Let (x,y) be a random element in $A \times (B \cap C)$
Then we have that X $\epsilon$ A and y $\epsilon$ B $\cap$C which give y $\epsilon$ B and y $\epsilon$C.

(x,y) $\epsilon$ A x B and (x,y) $\epsilon$ A x C so (x,y) $\epsilon$ (A x B) $\cap$ (A x C)
and now we can prove that (A x B) $\cap$ (A x C) $\subseteq$ A x (B $\cap$ C).

But I don't get a grip over this. For example why do you have to put the x in A and the y in (B $\cap$C) and not the other way around?

I would like to see this in a graphic 3D model so I could see what I was doing.

You need to show $x \in A$ and $y \in {B \cap C}$ because that's simply the order of the cartesian product -- for example:

$X \times Y = \left\{ (x,y) : x \in X ; y \in Y\right\}$ While
$Y \times X = \left\{ (y,x) : y \in Y; x \in X\right\}$

And those are ordered pairs, so:
$(x,y) \neq (y,x) \Rightarrow X \times Y \neq Y \times X$

Also, your wording is a bit off... You should say "Let $(x,y) \in {A \times B}$", or "Let $(x,y)$ be some element in $A \times B$"; random is not quite the right word here!
• Aug 27th 2009, 07:29 AM
Plato
Quote:

Originally Posted by The Lama
(x,y) $\epsilon$ A x B and (x,y) $\epsilon$ A x C so (x,y) $\epsilon$ (A x B) $\cap$ (A x C)
and now we can prove that (A x B) $\cap$ (A x C) $\subseteq$ A x (B $\cap$ C).
But I don't get a grip over this.

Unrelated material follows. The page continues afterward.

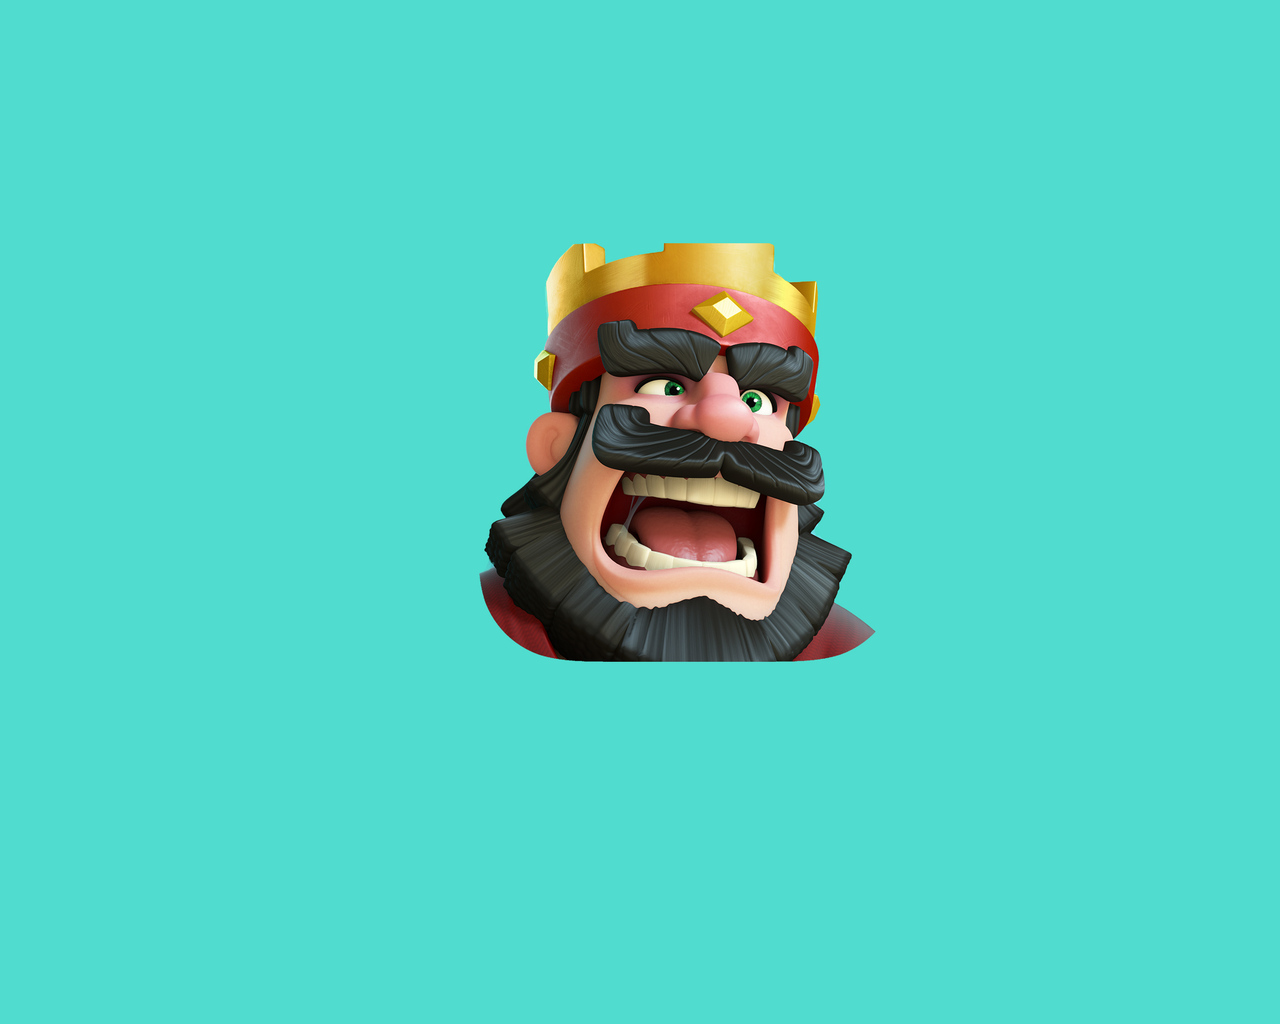 clash-royale-king-hd.jpg

For example why do you have to put the x in A and the y in (B $\cap$C) and not the other way around?

More LaTex help.
$$(x,y)\in A\times (B\cap C)$$ gives $(x,y)\in A\times (B\cap C)$.

The is simply the way a cross product is defined.

$(x,y)\in W\times Z$ means $x\in W\text{ and }y\in Z$
• Aug 27th 2009, 08:51 AM
The Lama
Quote:

Originally Posted by Defunkt
Also, your wording is a bit off... You should say "Let $(x,y) \in {A \times B}$", or "Let $(x,y)$ be some element in $A \times B$"; random is not quite the right word here!

Alright. Thanks. I just tried to translate it as best I could from a swedish compendium.

yea. x and $\times$. Got a bit lazy there I guess.